● Try it: Everything in the data should be repeated exactly, save for the images.

● Recorded information:

---

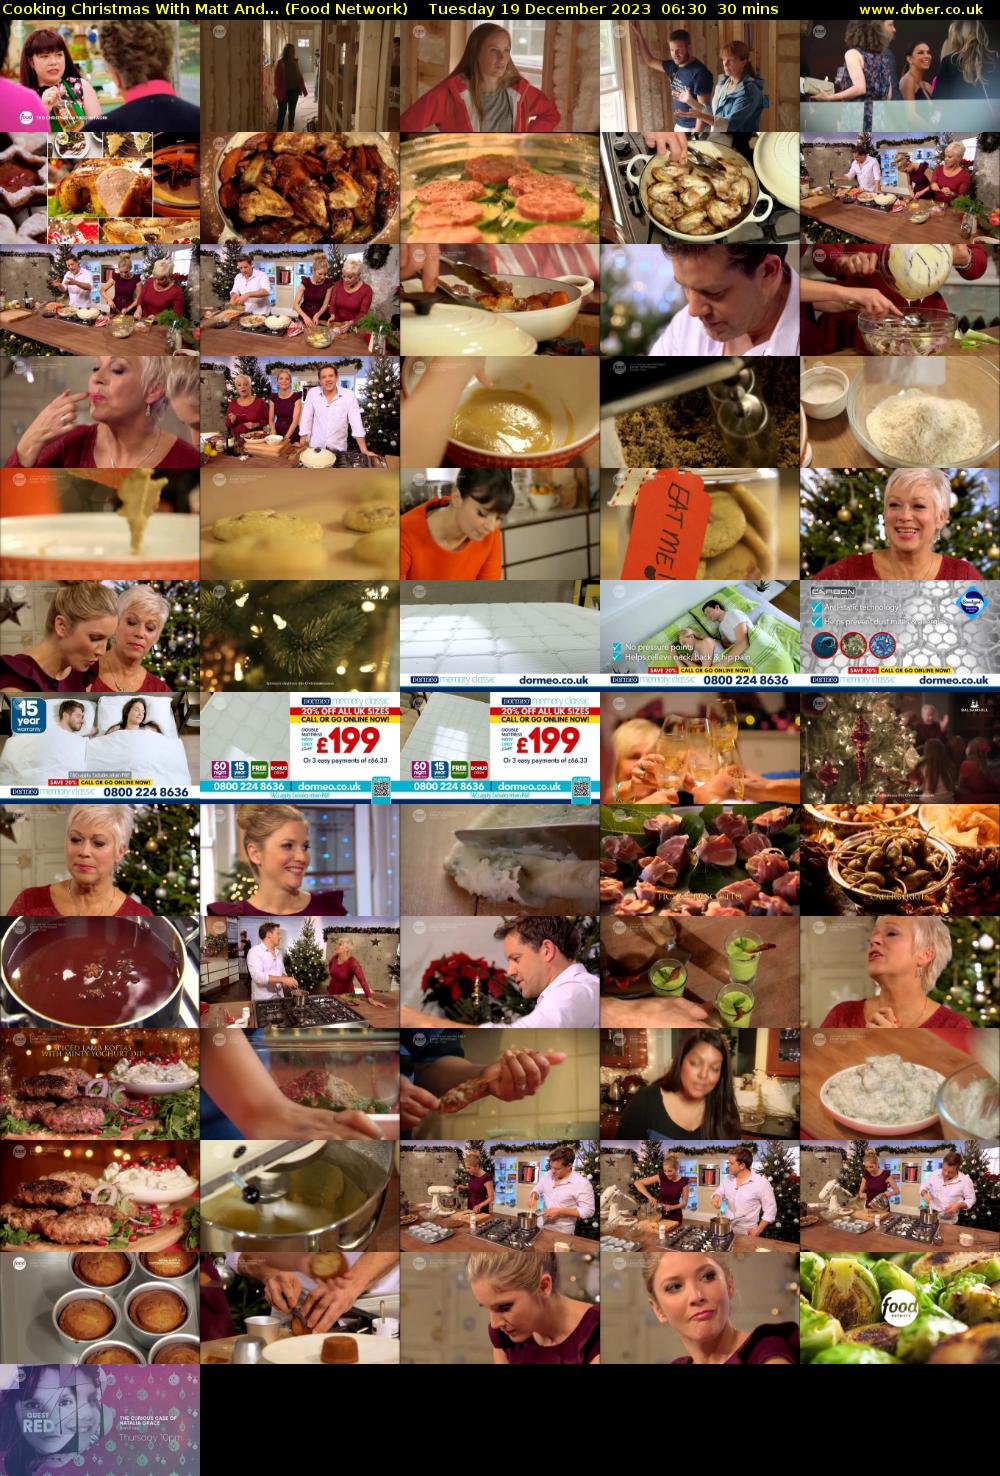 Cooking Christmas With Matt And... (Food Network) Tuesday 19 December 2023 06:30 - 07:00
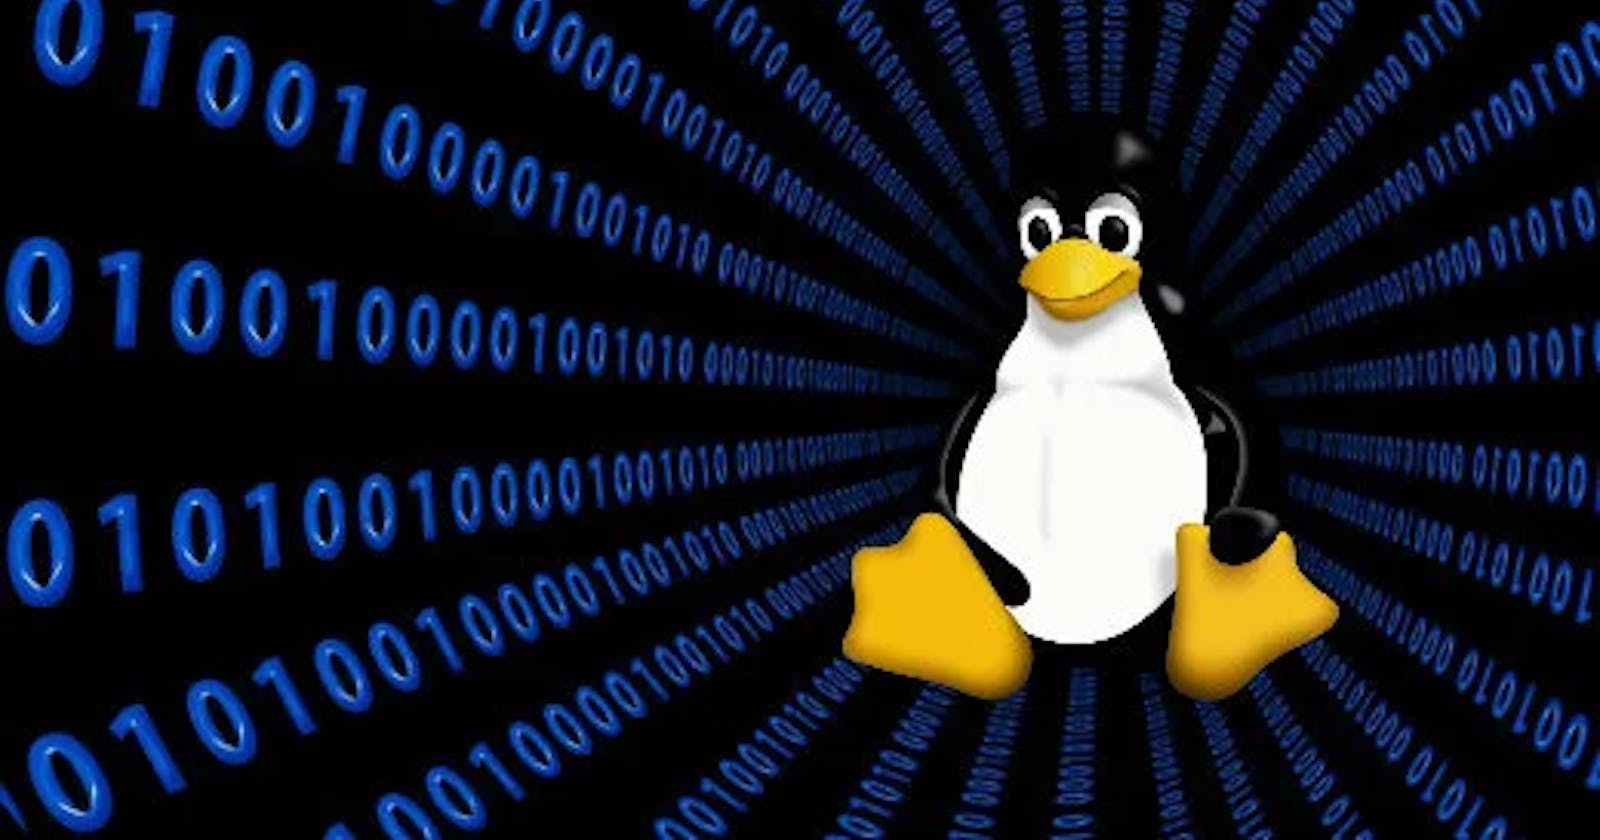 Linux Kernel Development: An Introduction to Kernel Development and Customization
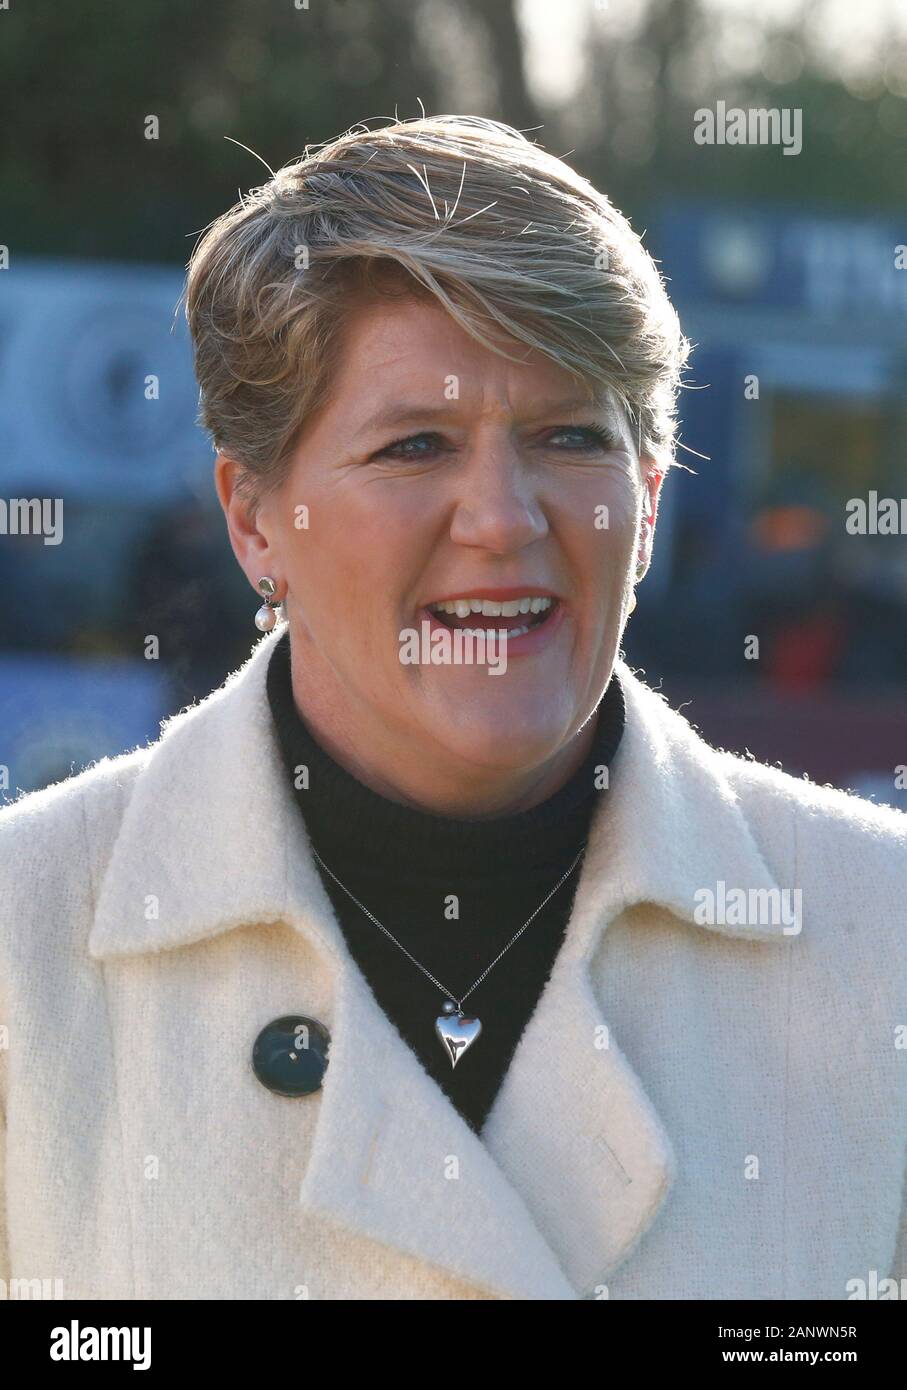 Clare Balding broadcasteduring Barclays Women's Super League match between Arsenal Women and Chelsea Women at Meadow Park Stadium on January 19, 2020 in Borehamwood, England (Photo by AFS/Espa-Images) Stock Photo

---

● Written response:
 Cooking Christmas With Matt And... (Food Network) Tuesday 19 December 2023 06:30 - 07:00
 Linux Kernel Development: An Introduction to Kernel Development and Customization
 Clare Balding broadcasteduring Barclays Women's Super League match between Arsenal Women and Chelsea Women at Meadow Park Stadium on January 19, 2020 in Borehamwood, England (Photo by AFS/Espa-Images) Stock Photo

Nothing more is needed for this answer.